Clerks 2 is shamelessly nostalgic and reverent toward its predecessor, from the opening credits first reading 'Clerks' before the belated addition of '2' to the final shot's homage to the first film's milk lady. This for me is why it fails as a sequel, above any qualms about the whether or not the original 'needed' one or whether the motivation was purely economic. Most sequels aren't needed, but at the very least they expand on the ideas, narrative or aesthetics of their forebears Clerks 2 fails because it doesn't change the way you think about the first one, a sequel should throw some sort of new light on its predecessor. Smith is too reverent of his first film to challenge it in any way, its as though he wanted to make a sequel without risking any damage to his museum peice calling card. On a story level Smith steers clear of any real reference to the events of ten years prior and no explanation is given as to what happened to the film's two female leads.
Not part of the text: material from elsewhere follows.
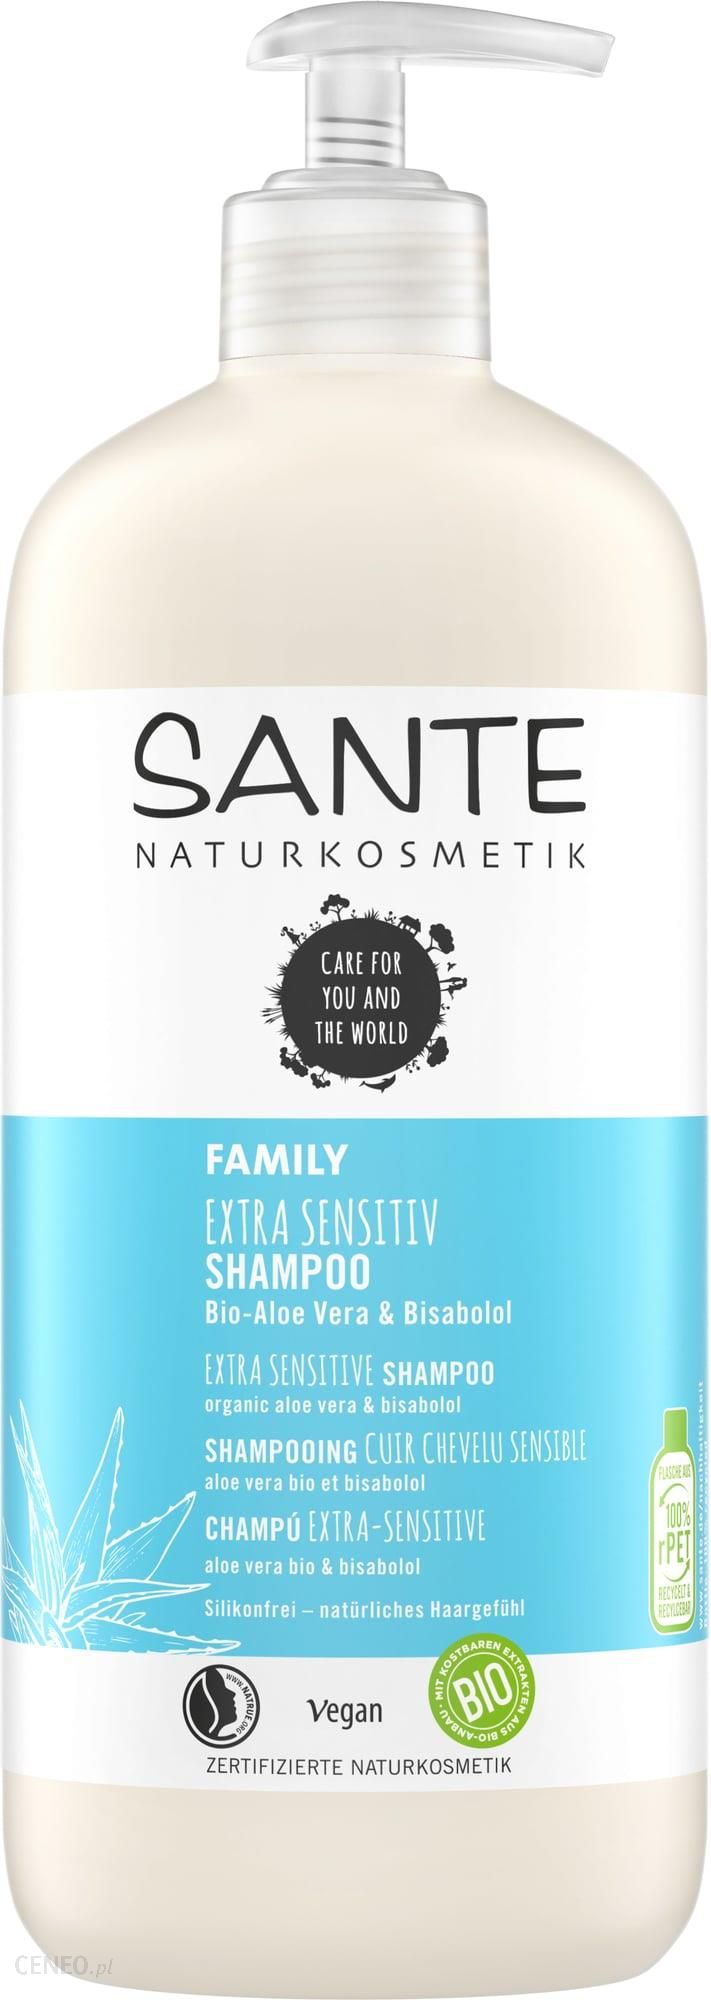 Sante Family Łagodny szampon z organicznym aloesem i bisabololem 500ml

This kind of narrative amnesia jars with the fact that Randall seems to have a clear recollection of that one fateful day a decade ago though, (perhaps he watched Clerks in preparation for his appearance or at least has been using the internet machine at Mooby's to post on the View Askew boards) going as far as to quote Dante's catch phrase from the movie 'I'm not even supposed to be here today!' If this is Smith's attempt at capitalising on the irony of revisiting his earliest work its a missed opportunity. Which is perhaps the best way of looking at Clerks 2, not only is it a sequel that shouldn't exist its also one that doesn't work as a sequel.
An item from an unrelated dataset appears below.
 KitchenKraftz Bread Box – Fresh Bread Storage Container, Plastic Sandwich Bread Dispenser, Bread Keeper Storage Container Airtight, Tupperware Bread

Its no Wrath of Khan thats for sure. There is no character development to speak of, Dante's character arc is the same as the first movie, Randall is revealed as... Dante's best friend! Jay and Silent Bob get little to do, Jay even does the same comedy dance routine twice. And the female characters are so underwritten as seem more like props than dramatic participants in events. Becky merely acts as foil to Randall's bad mouthing, whilst Dante's fiance is so one dimensionally vapid that its no surprise the only actress willing to play her was Smith's own wife.
For me Smith hasn't so much raped the memory of the first film but stroked it in a detached, yet admiring way. A new kind of bad sequel perhaps? One that tries only to remind the viewer of the original, rather than mimic it wholeheartedly?